What is expected:
Give back every line of the material below exactly, but no images.

Supplied data:
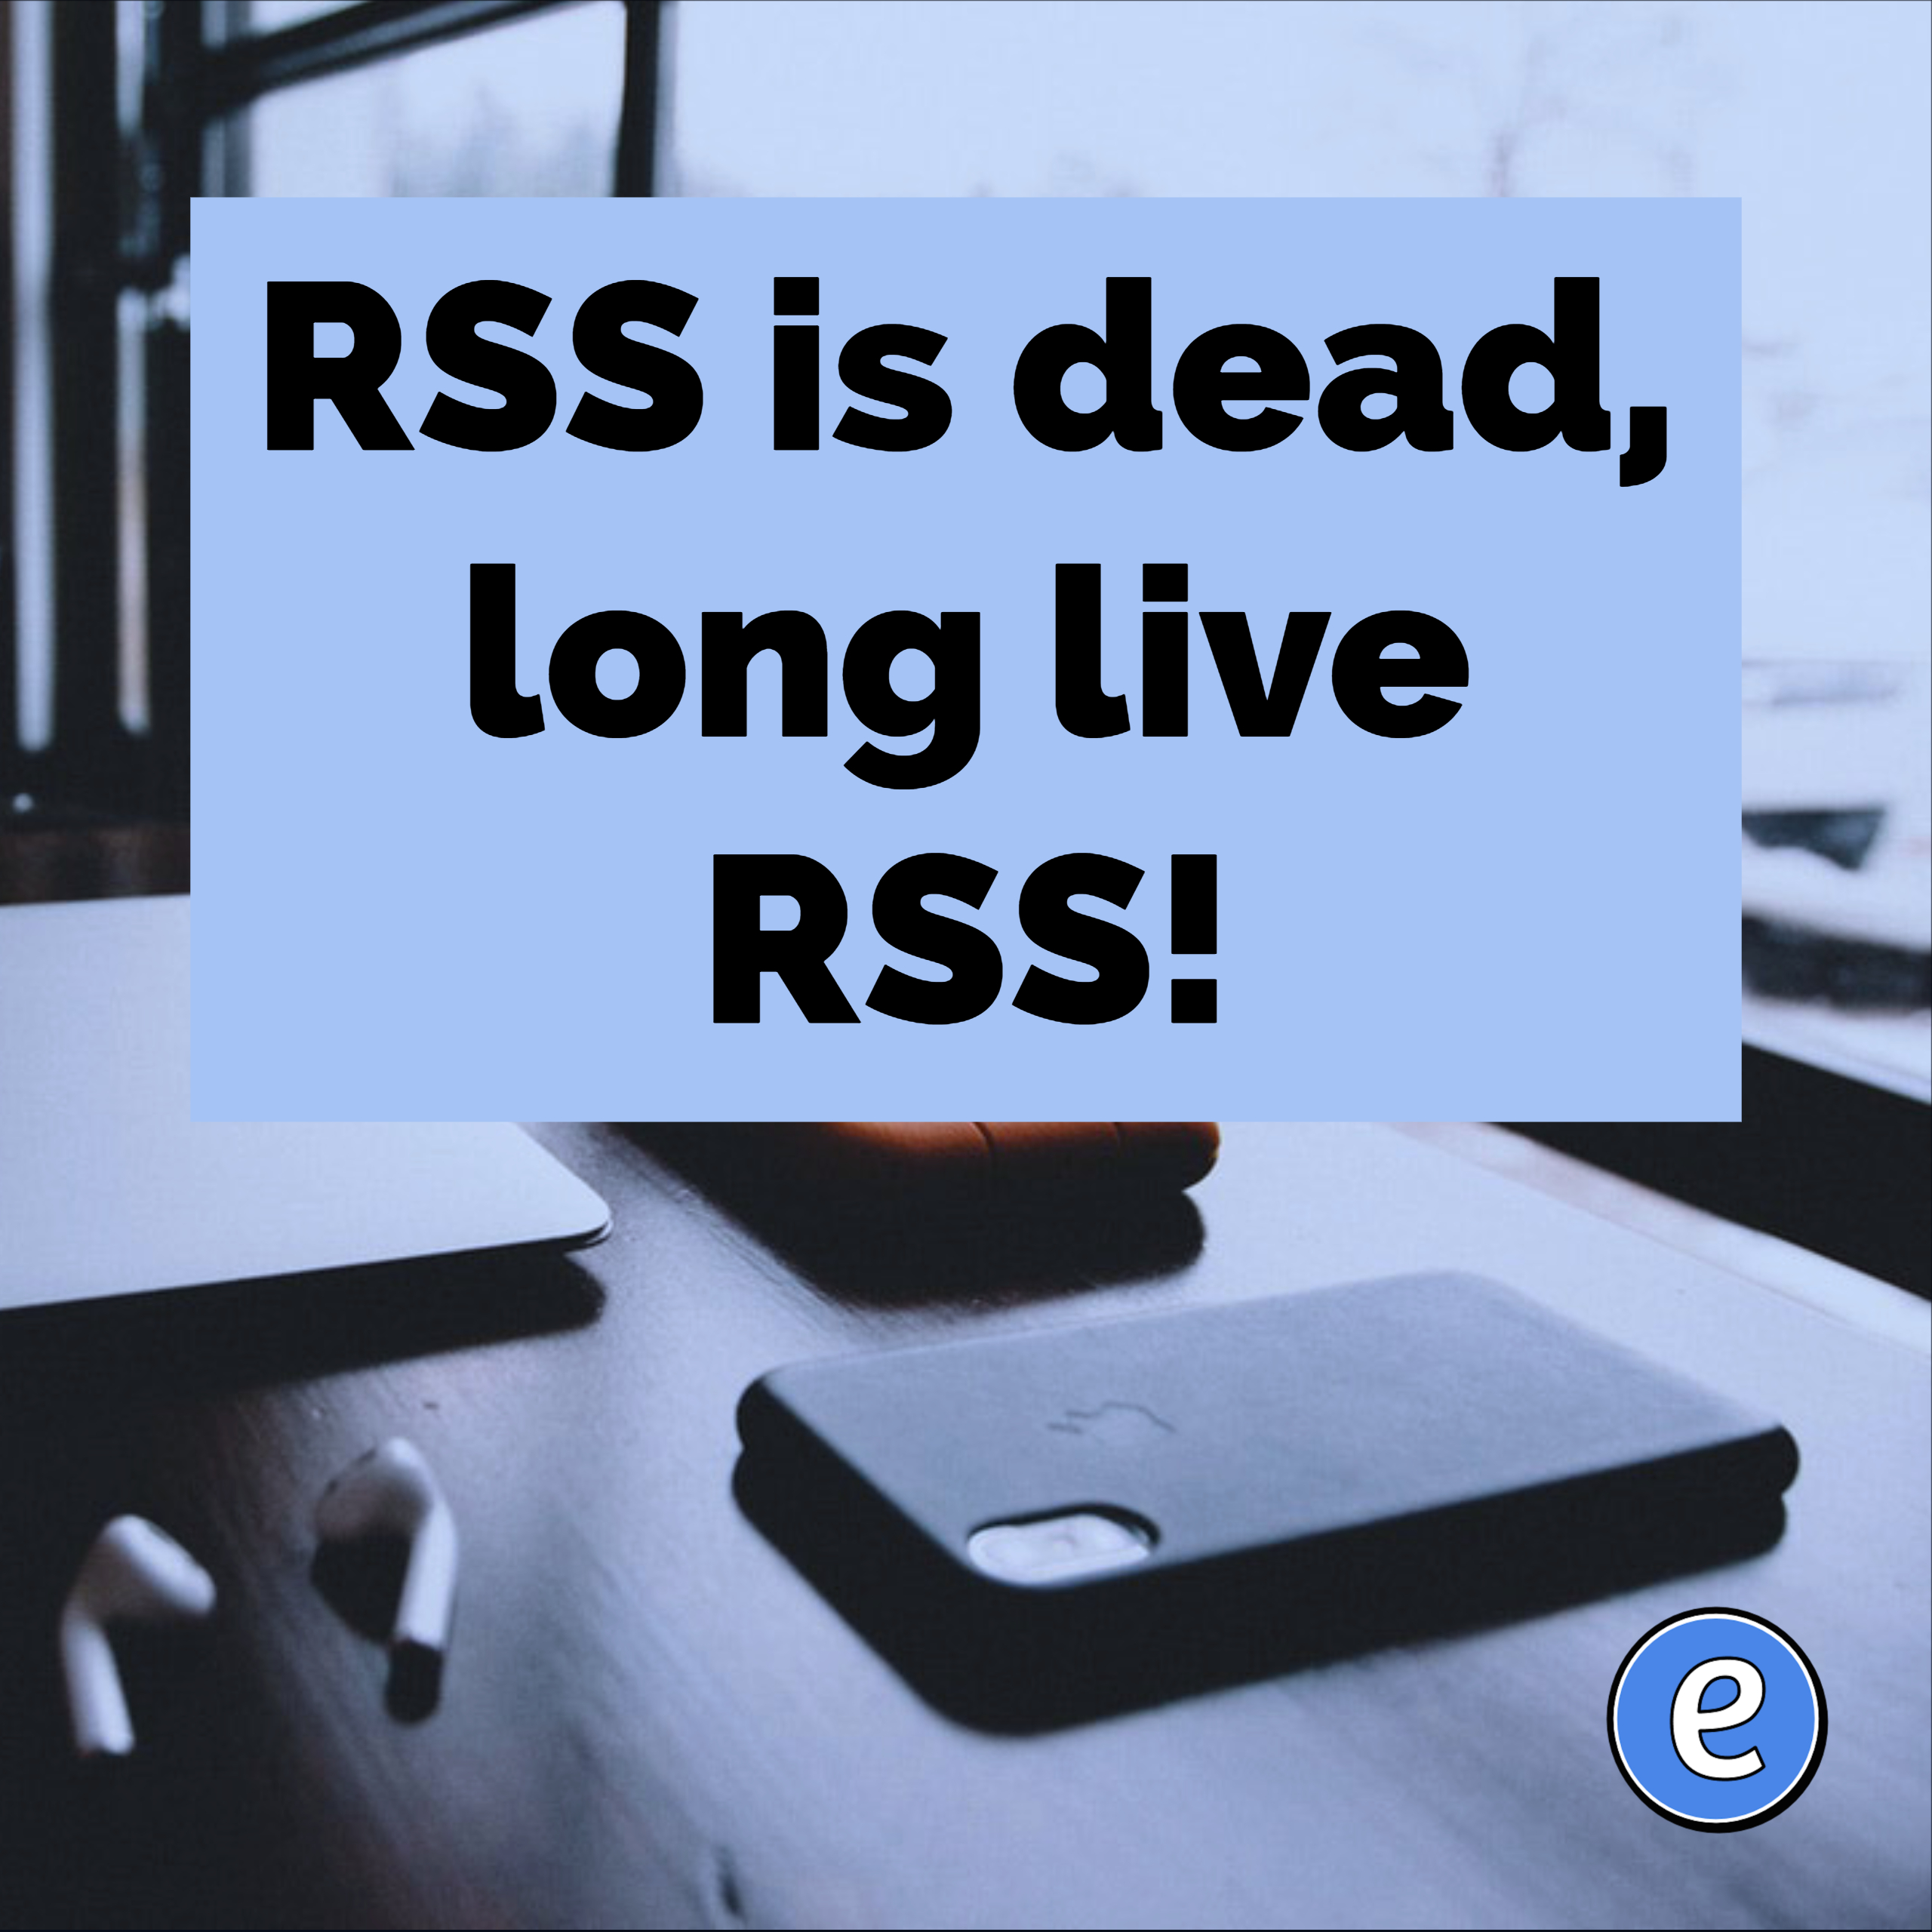 RSS is dead, long live RSS!
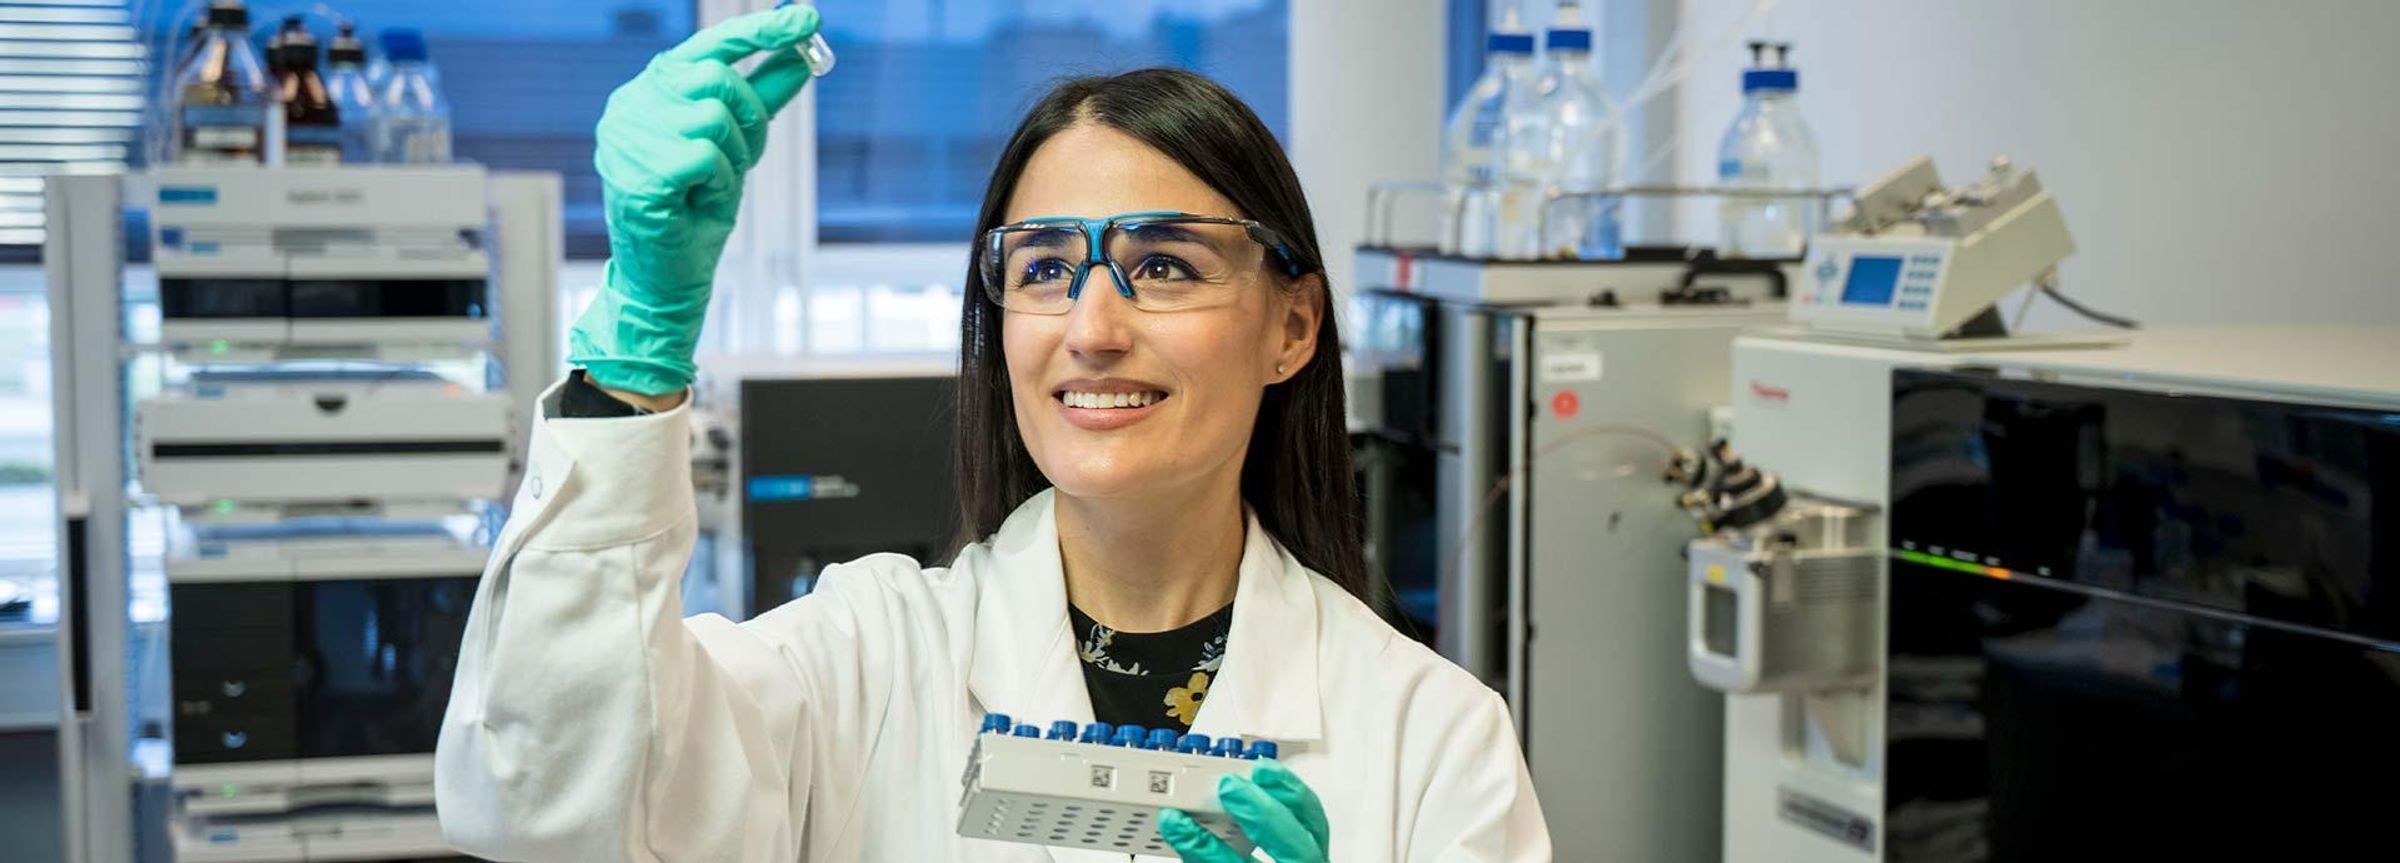 Scientist@Sanofi - Soraya Hölper: „Auf der Suche nach der Nadel im Heuhaufen“
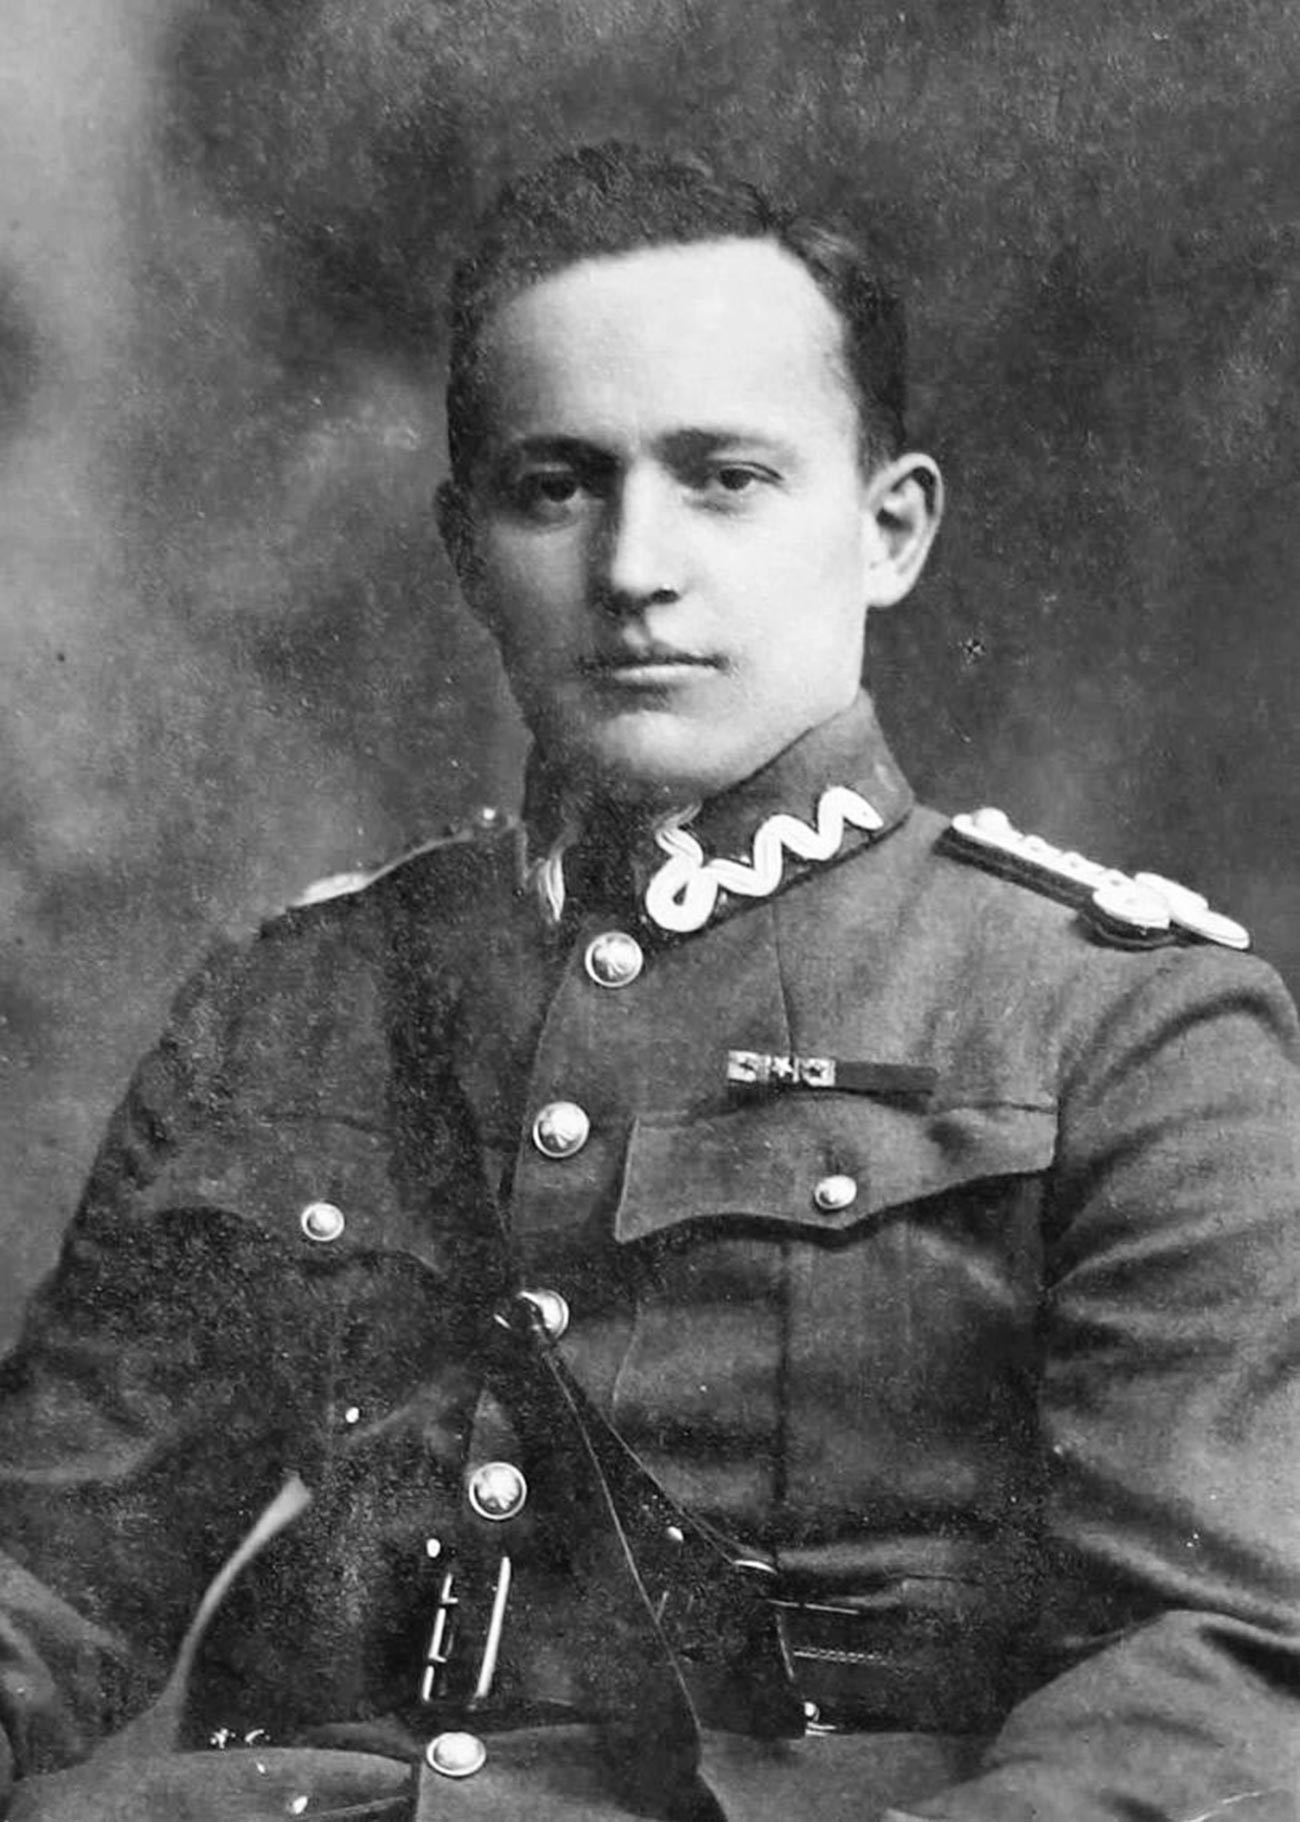 Cooper en Lwów durante la época del escuadrón Kościuszko

Worked solution:
 RSS is dead, long live RSS!
 Scientist@Sanofi - Soraya Hölper: „Auf der Suche nach der Nadel im Heuhaufen“
 Cooper en Lwów durante la época del escuadrón Kościuszko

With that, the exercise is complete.